The recipe for this hearty and delicious “stoup” (too thick to be a soup, not quite a stew) actually hits many of those great Pantry Staples buttons, so it could just as easily fit into the “pantry staples-tinned vegetables” post I’ll be writing soon; however, that the base of this “stoup” is tinned tomatoes, so it best fits here. This recipe is heavily inspired by good friend of mine who created the original soup recipe (which she calls a “minestrone”), as she needed something in a hurry to feed her family while rushing out the door for work. Her slow cooker got a lot of love on those hectic days. She just waited until she got home to boil up some pasta to add to the soup at the last minute so it wouldn’t go squidgy cooking all day, or she made it without pasta (which is just as delicious and suitable for gluten free diets as well).

This “stoup” is also delicious spooned over hot rice for a super cheap, extendable, and filling meal. Feel free to change up the vegetables to your favourites that are equivalent in weight and density, and it should work out fine. If you only have tinned vegetables that you need using up, that’s fine too; just remember they need far less cooking than fresh or frozen (add any drained tinned vegetables like peas, corn, carrots, mushrooms, green or waxed beans, sliced potatoes etc. in the final hour of cooking). Sautéing the mirepoix vegetables always adds a beautiful depth of flavour, but if you’re in a hurry and need a toss-and-forget soup for your slow cooker while you do other things, it can be omitted.
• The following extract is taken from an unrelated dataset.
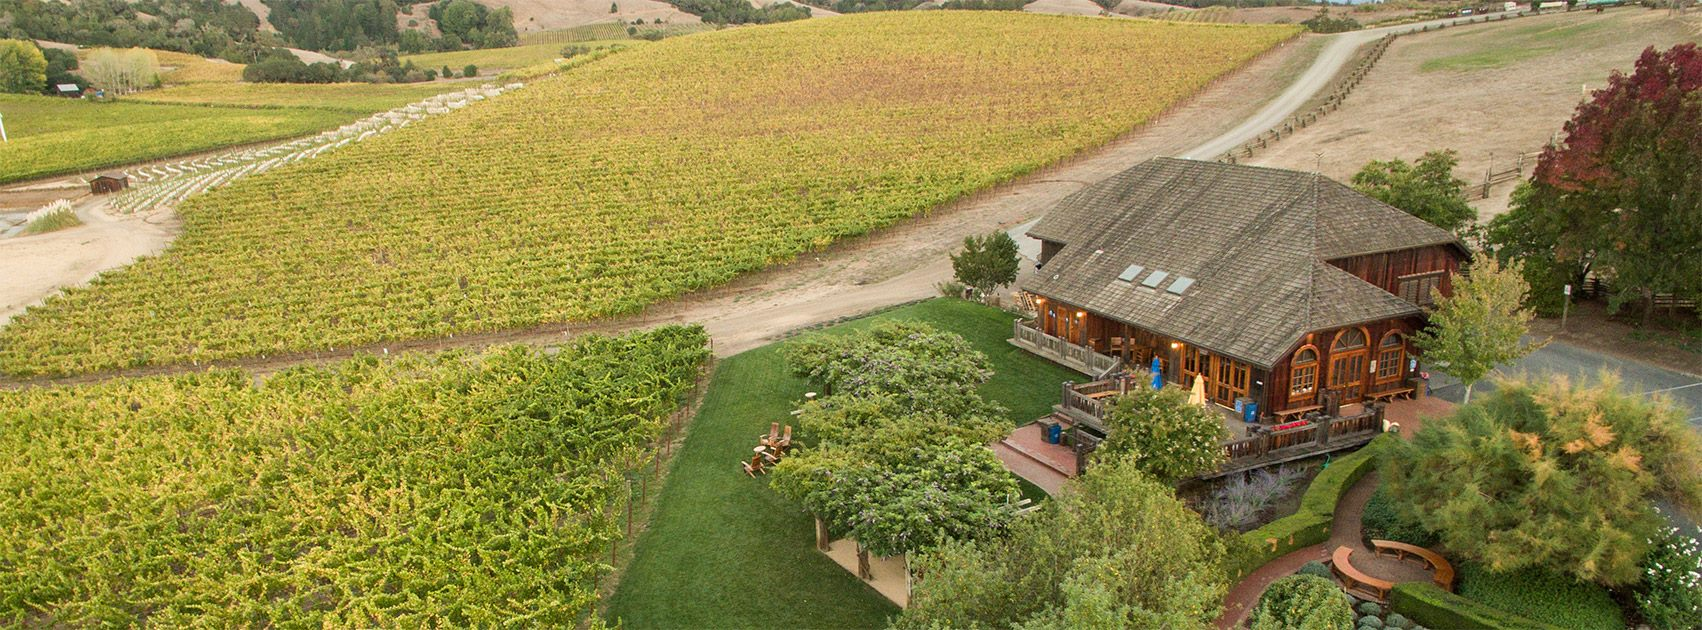 the Navarro Vineyards tasting room sits among vineyards

Pantry Slow Cooker Tomato Bean “Stoup”

This version has ground “meef” (vegetarian soybeef) in it – this soup is great if you want to add meat to this soup to make it more stew-like

YIELD: 6-8 servings | PREP: 5-10 minutes | COOK: 8 hours (slow cooker) or 30 min (stovetop)

  • 2 tbsp olive oil
  • 2 cups frozen mirepoix vegetables (celery, onion, carrot) – or the next three items instead
    • 2 stalks celery, trimmed and diced
    • 1 medium onion (white or red), peeled and diced
    • 1 carrot, peeled and diced
  • 2 tsp/10mL jarred minced garlic – or 2 cloves garlic, peeled and minced finely
  • 2 cups fresh, frozen or tinned vegetables of your choice
  • 1 tbsp Italian seasoning (or 1 tsp each dried oregano, basil, and thyme)
  • 1 tsp lemon pepper
  • Salt and cracked black pepper to taste
  • 2 medium sized tins (about 3 cups) diced tomatoes (seasoned is fine)
  • 1 750-900mL bottle passata (or equivalent in tomato puree/crushed tomatoes)
  • 2 medium tins beans of your choice (red or white kidney beans, black beans, pinto, romano, cannelini, etc.)
  • 4 cups vegetable broth (preferably low sodium)

Optional Additions:

  • 1 tbsp/15mL lemon juice
  • 1 cup/~85g uncooked macaroni-type pasta (substitute your favourite GF pasta if preferred)
  • 1/4 cup/25g finely shredded Parmesan cheese (or a sprinkling of nutritional yeast for vegan version)
  • 1 cup/220g pre-cooked ground beef/meef/chicken/turkey/taco meat, cooked diced chicken or turkey, or crumbled tofu
  1. If you have time, quickly sauté the mirepoix vegetables, garlic, and any fresh vegetables of your choice in the olive oil until the onions are translucent; add the herbs and seasonings in the last few minutes of cooking, and then dump the lot into your waiting slow cooker or large soup pot.
  2. Add diced tomatoes, passata, beans and broth to slow cooker and mix to combine; slow cook on low for 8 hours/high for 2-3 hours, or over the stove for about 30 minutes at a simmer. Adjust for seasoning at this point and add the optional lemon juice to “brighten” the flavours.
  3. If adding pasta, meat and/or tinned veggies, add them at the last 30 minutes of slow cooking, or the last 10 minutes of stovetop cooking.
  4. Serve hot with (optional) cheese or nutritional yeast.